カスタマーハラスメント対策は、2026年10月から義務になる
浦松 丈二
社会保険労務士・行政書士・宅地建物取引士(四葉社会保険労務士事務所/四葉行政書士事務所)
カスタマーハラスメント対策は、令和8年10月1日(2026年10月1日)から企業規模を問わず事業主の義務になります。求職者等へのセクシュアルハラスメント防止措置も同時に義務化。パワハラ防止措置と同じ「方針の明確化・相談体制・事後対応」で足ります。何をすれば足りるか、クレームとの線引き、誰に頼むかを整理します。
結論(先に要点):カスタマーハラスメント対策は、令和8年10月1日(2026年10月1日)から、企業規模を問わず事業主の義務になります。
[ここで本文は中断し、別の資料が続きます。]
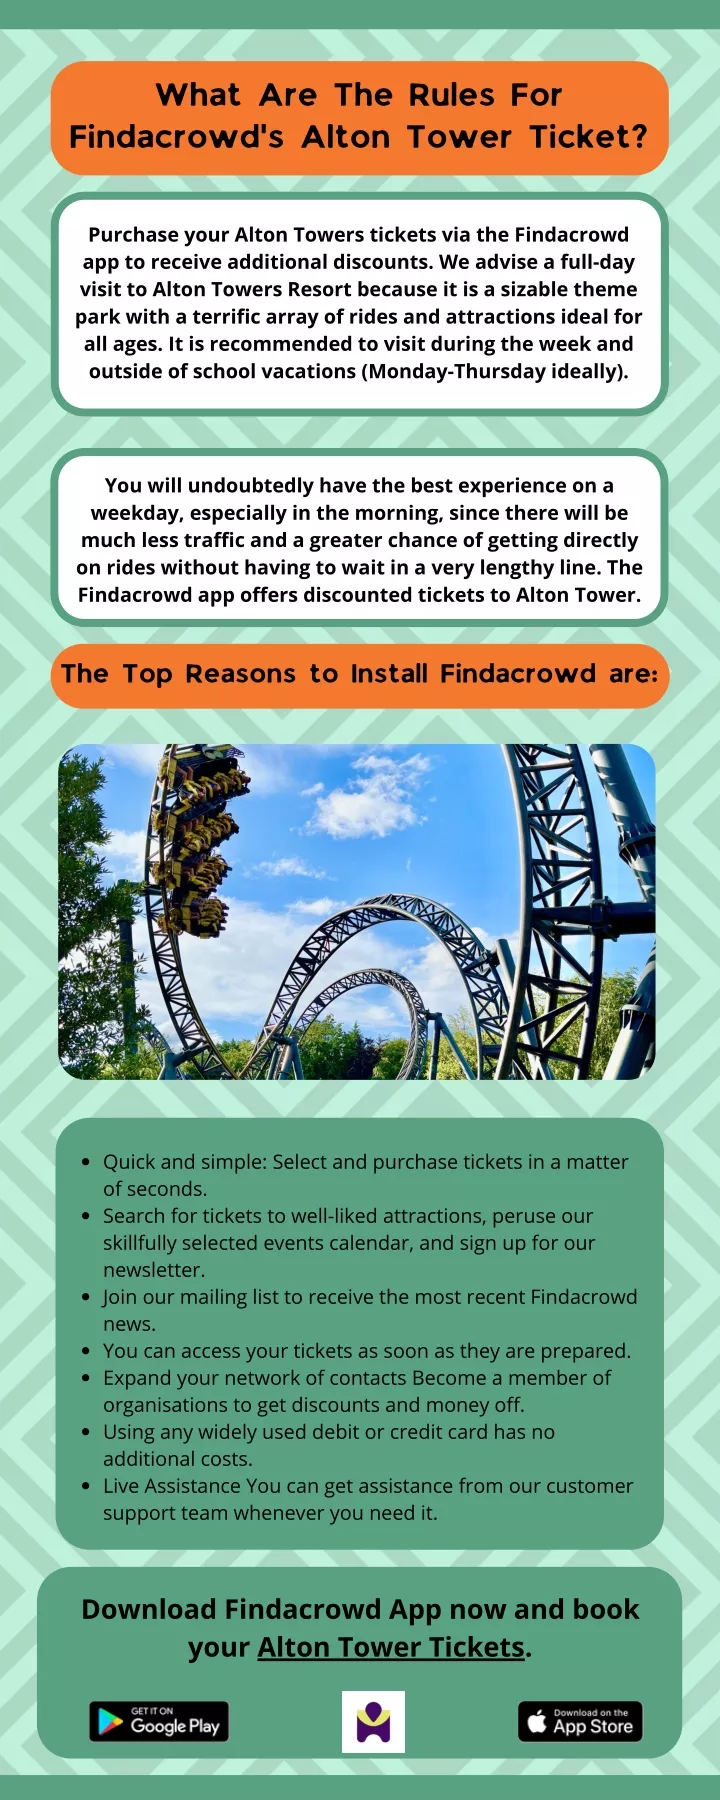 PPT - What Are The Rules For Findacrowd's Alton Tower Ticket ...

求職者等に対するセクシュアルハラスメントの防止措置も同時に義務化します。やることはパワハラ防止措置とほぼ同じで、方針の明確化と周知、相談体制の整備、事後の対応の3点です。すでにパワハラの体制がある会社は、その枠を広げれば対応できます。
「カスハラ」という言葉は聞いたことがあるけれど、義務なのか努力目標なのか、何をすれば足りるのかが分からない——というご相談が増えています。このページは、接客・窓口・電話対応がある会社の経営者・総務担当の方に向けて、カスタマーハラスメントの定義、義務の時期と対象、具体的な措置、クレームとの線引き、誰に頼むかを整理します。個別の法的判断や、加害者への法的手続きのご案内はこの記事の範囲外です。
カスタマーハラスメントとは、何を指すのか?
厚生労働省の公表資料では、カスタマーハラスメントを「顧客等からの著しい迷惑行為」で、労働者の就業環境を害されるものとしています。「顧客等」は、実際に取引のあるお客さまに限りません。取引先、施設の利用者、その他利害関係者が含まれます。
「著しい迷惑行為」として例示されているのは、次のようなものです。
- 暴行・傷害、脅迫
- 名誉毀損や侮辱、ひどい暴言
- 過剰・執拗な要求やクレームの継続・繰り返し
- 土下座の強要、SNS等への拡散
- 性的な言動
- 不退去・居座り、長時間の拘束
ポイントは、「正当なクレーム」はカスタマーハラスメントではないことです。商品の不具合やサービスの不備への指摘、改善の要望そのものは、むしろ業務の改善に必要な声です。問題になるのは、要求の内容ではなく**「態様」が著しい迷惑行為に当たる場合**です。
義務は、いつから・どの会社に?
令和7年法律第63号による労働施策総合推進法等の改正で、事業主に次の措置が義務づけられます。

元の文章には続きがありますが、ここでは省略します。